No, no ,no not one for the taxman and one for us! Just a day on two sets of books at the restaurant. First up is my library. The most valuable books are stored safely elsewhere but I still have well over a thousand books picked up over the years which are now being housed downstairs at the Real Man Pizza Company on Clerkenwell Road. If you have a spare afternoon and fancy a read over a coffee or just a book to digest as you digest a chocolate pizza – you now know where to go.
I cannot remember where most of them came from or how or why I picked them up. I have been left quite a few as bequests and my father is always making space and so handing over spare tomes (his latest contribution to my library being the most pompous and mind numbing book in history: A history of the Eton hunt). And I have always been a buyer of books over the years. But thumbing through the titles as I arranged them I struggle to think why I bought, or kept, some of them. I am loathe to chuck anything out but a thick volume on US corporate law pushed me too far. And what use is a Whittaker’s Almanac from 1999?
The library is eclectic. There is some total rubbish in there. Trash novel Who Gets Fluffy springs to mind and is retained precisely because it is so bad. There are learned and not widely read tomes such as Shattered Eagles by Dr TJ Winnifrith and The History of the Royal Military Canal by his father as well as a collection of (pretty poor) poetry by my father’s maternal grandfather. Needless to say all Christopher Booker’s books are there (barring The Games War which I cannot find). My late aunt left me a stack of political histories (she was a researcher on Alistair Horne’s series on Macmillan). Cricket books are well represented but, by volume, novels probably win. A good few are from the nineteenth century and early 20th century: Austen, the Bronte’s, Waugh, Greene, Maugham, Orwell, and Hardy. But there is some modern stuff in there as well Hornby, Maupin and Christie. There are a lot of Agatha Christie books – I have always been a sucker for detective novels and TV drama. There are also a lot of cookery books – it is a passion.

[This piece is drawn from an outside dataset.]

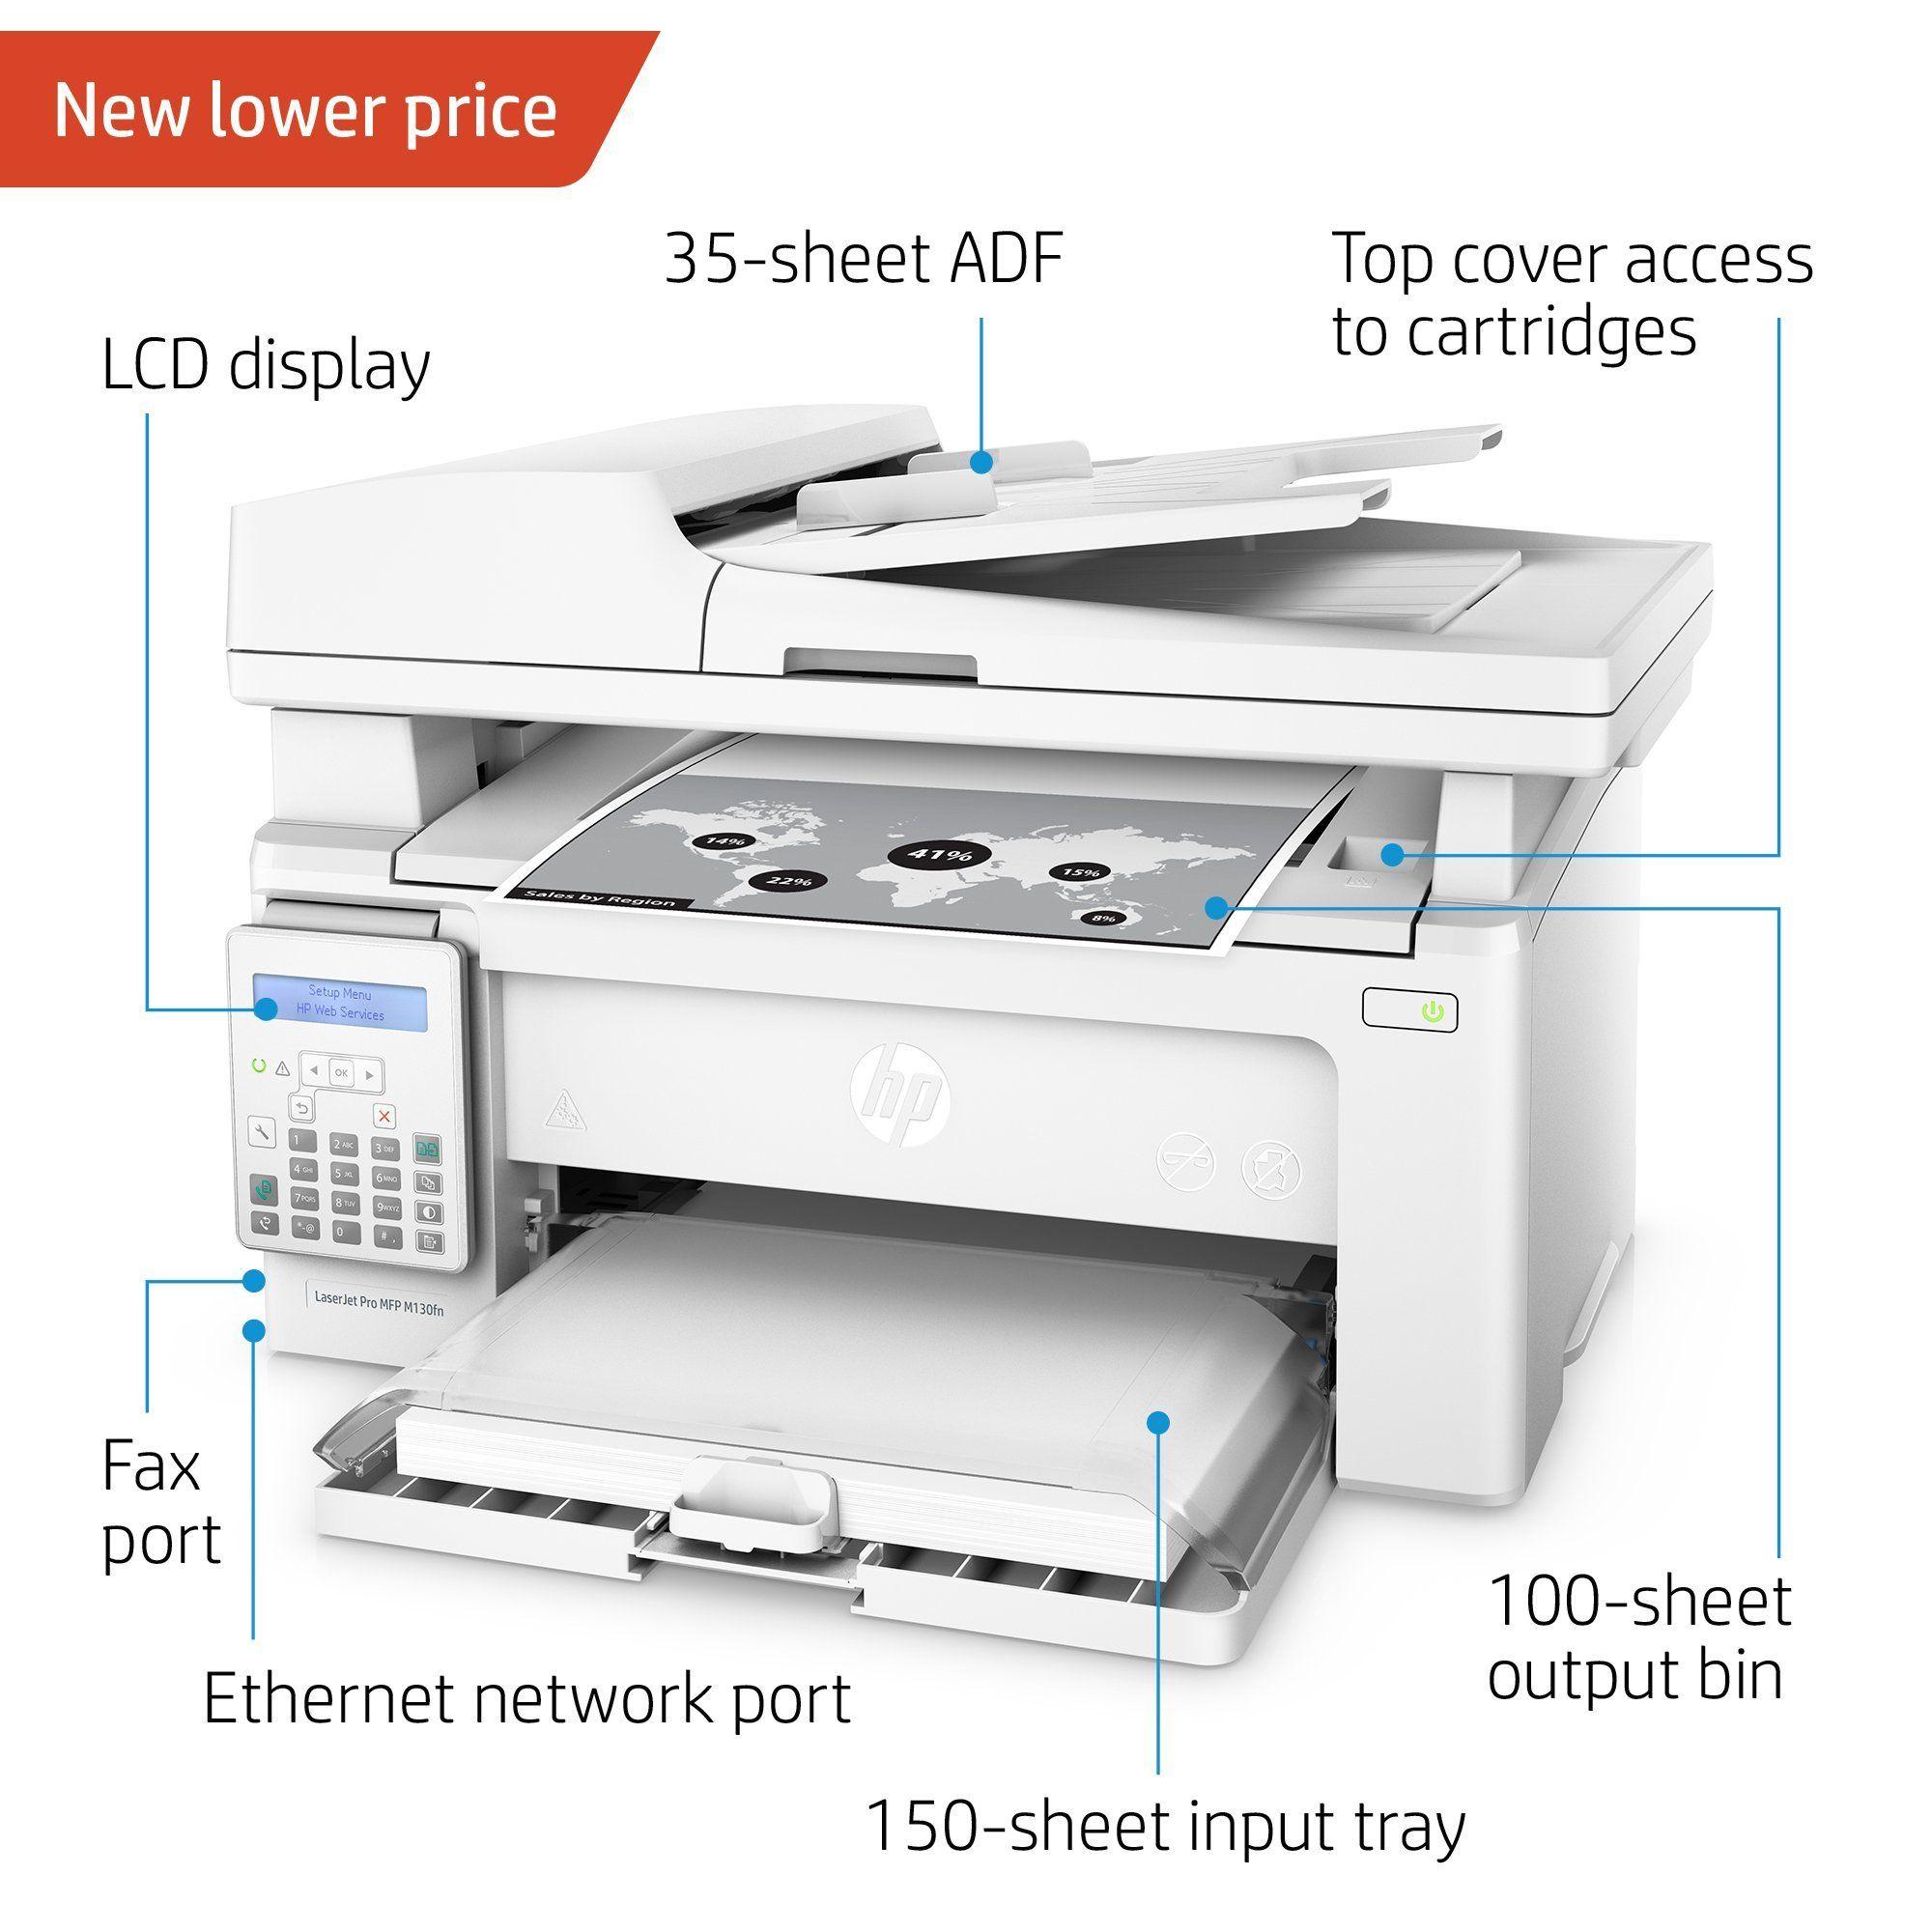 Hp Laserjet Pro M130fn Allinone Laser Printer With Print Security G3q59a Replaces Hp M127fn Laser Printer Certified Refurbi Mobile Print Laser Printer Printer

From my heroes at the top of the blog we have books by Mill, Rand, Booker, Orwell, Graham and Steyn. John Seymour sits at home by my bedside right now but will find his way here eventually. Three large bookcases are now full – with some shelves double stacked but still I have several boxes to lay out. I fear that another bookcase may need to be purchased for the restaurant.
The other set of books… I am settling a few invoices for RMPC as I have brought over the chequebook from Douglas. The cheese supplier needs paying.